Random Python Scripts #1: EV Chargers, Memberships, and Existential Pythoning

Welcome to the first post in a series we're calling Random Python Scripts, where we write code for things that probably don't need code. Why? Because we love Python and have no idea what to do with our valuable time. If you've ever stared at your terminal thinking, "I should automate something pointless", this series is for you.

Today's script? An attempt to make sense of EV charger pricing across brands, speeds, and membership schemes. Because nothing screams "data science" like trying to figure out if paying 0.4 the KWh at EasyGo is worth it. Spoiler: it's not, unless you enjoy the thrill of arriving at a charger that's either broken, mysteriously offline, or just pretending to be available.

The Problem

EV chargers have wildly inconsistent pricing. Some allow overpriced contactless payments, some offer memberships, some have peak and off-peak rates, and some (looking at you, Tesla) offer off-peak discounts if you're willing to wait in a queue that rivals Disneyland's Space Mountain.

So we built a script to:

• Load EV charger pricing data

• Calculate how much you'd pay for different charge amounts

• Determine the "threshold" where a membership becomes financially worth it

• Estimate how far you'd drive monthly to justify the membership

• Declare a winner for each charge amount (based on price, not reliability)

The Script (a.k.a. Python Therapy)

Let's walk through the script, just to showcase some PEP8 standards, general good practices and a couple of refactoring tricks.

Constants and Setup

We start with some constants: file names, charge amounts (from 50 to 400 kWh), and average km per kWh for city and motorway driving. These are defined like a professional would do it. All caps, clear names, no magic numbers floating around.

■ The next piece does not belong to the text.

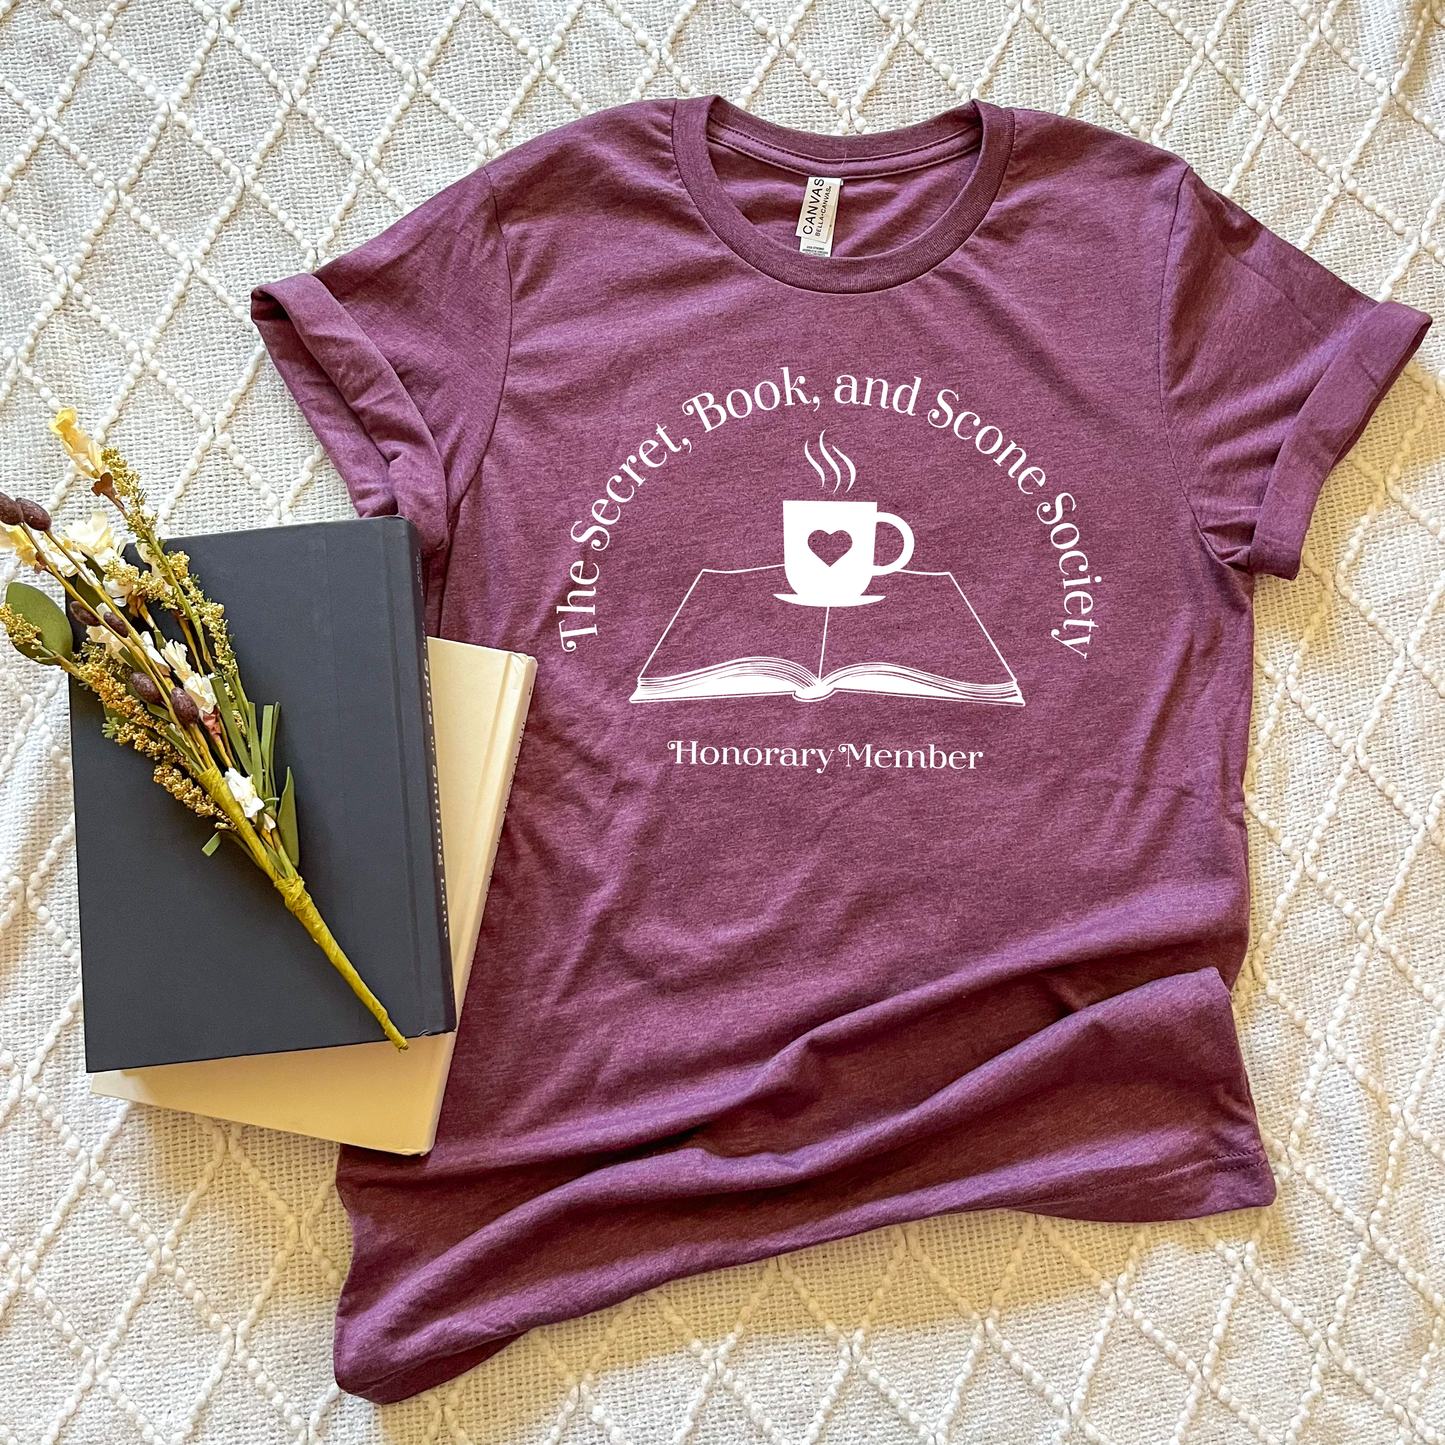 Secret, Book, and Scone Society T-Shirt

EV_CHARGERS_FILE = 'ev_chargers_details.json'
CHARGE_AMOUNTS = list(range(50, 401, 50))
AVG_KM_PER_KWH_CITY = 7.5
AVG_KM_PER_KWH_MOTORWAY = 5.5

Did I just say clear names? no, that's not enough. Names must also be descriptive, as much as possible. You will write the code once, but you will read it a dozen of times (well, not this script probably, but think about code at work). Avoid stuff like DATA = 'foo', or FILE = 'result.txt'. Squeeze your brains just for 2 seconds and find a good name for your variables and files. In python name convention for global vars is caps with underscores, and lowercase for local vars. No camelcase, please.

Loading the Data

We load the JSON file with a clean little function that includes type annotations and UTF-8 encoding.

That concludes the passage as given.